William Ellis Niblack (May 19, 1822 – May 7, 1893) was a politician and judge who served as a U.S. Representative from Indiana, a judge on the Indiana Supreme Court, and a member of both the Indiana Senate and the Indiana House of Representatives

Niblack was born in Dubois County, Indiana, a cousin of Silas Leslie Niblack. He attended the country schools and Indiana University at Bloomington. He studied law and was admitted to the bar in 1843 and commenced practice in Vincennes, Indiana.
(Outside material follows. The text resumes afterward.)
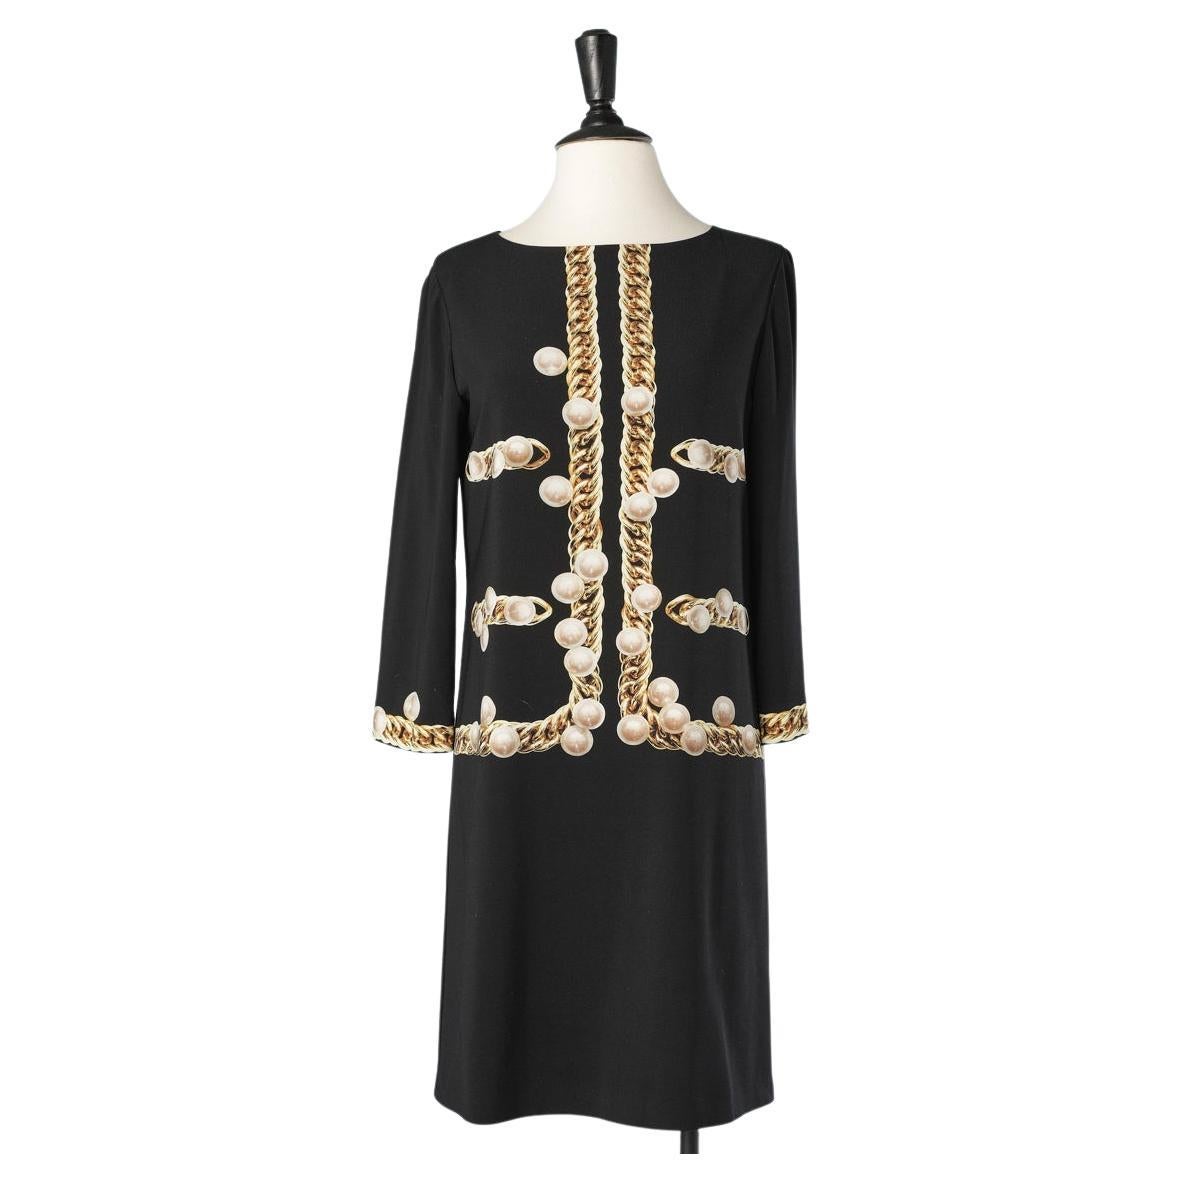 Black cocktail dress with oversize pearls and chain print Moschino Cheap & Chic  For Sale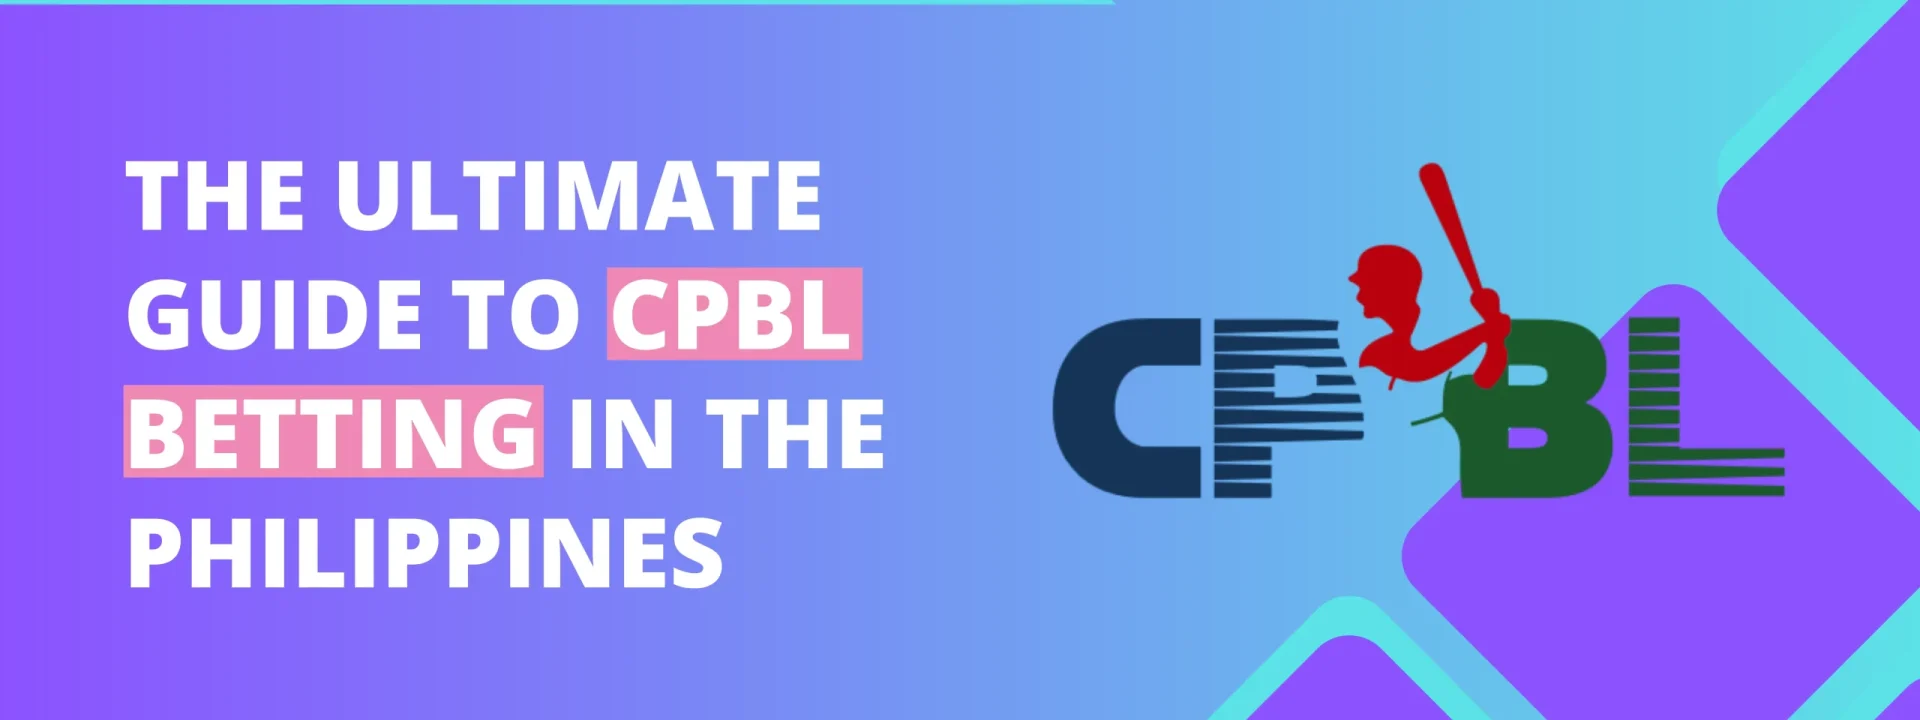 The Ultimate Guide to CPBL Betting in the Philippines

He was Surveyor of Dubois County. He served as member of the Indiana House of Representatives in 1849 and 1850, and served in the Indiana Senate 1850−1853. He served as judge of the circuit court of the third judicial district from January 1854 until October 1859, when he resigned. He moved to Vincennes, Indiana, in 1855.

Niblack was elected as a Democrat to the Thirty-fifth Congress to fill the vacancy caused by the death of James Lockhart. He was reelected to the Thirty-sixth Congress and served from December 7, 1857, to March 3, 1861. He was not a candidate for renomination in 1860.
He was again a member of the Indiana House of Representatives in 1862 and 1863, and served as delegate to the Democratic National Conventions in 1864, 1868, and 1876.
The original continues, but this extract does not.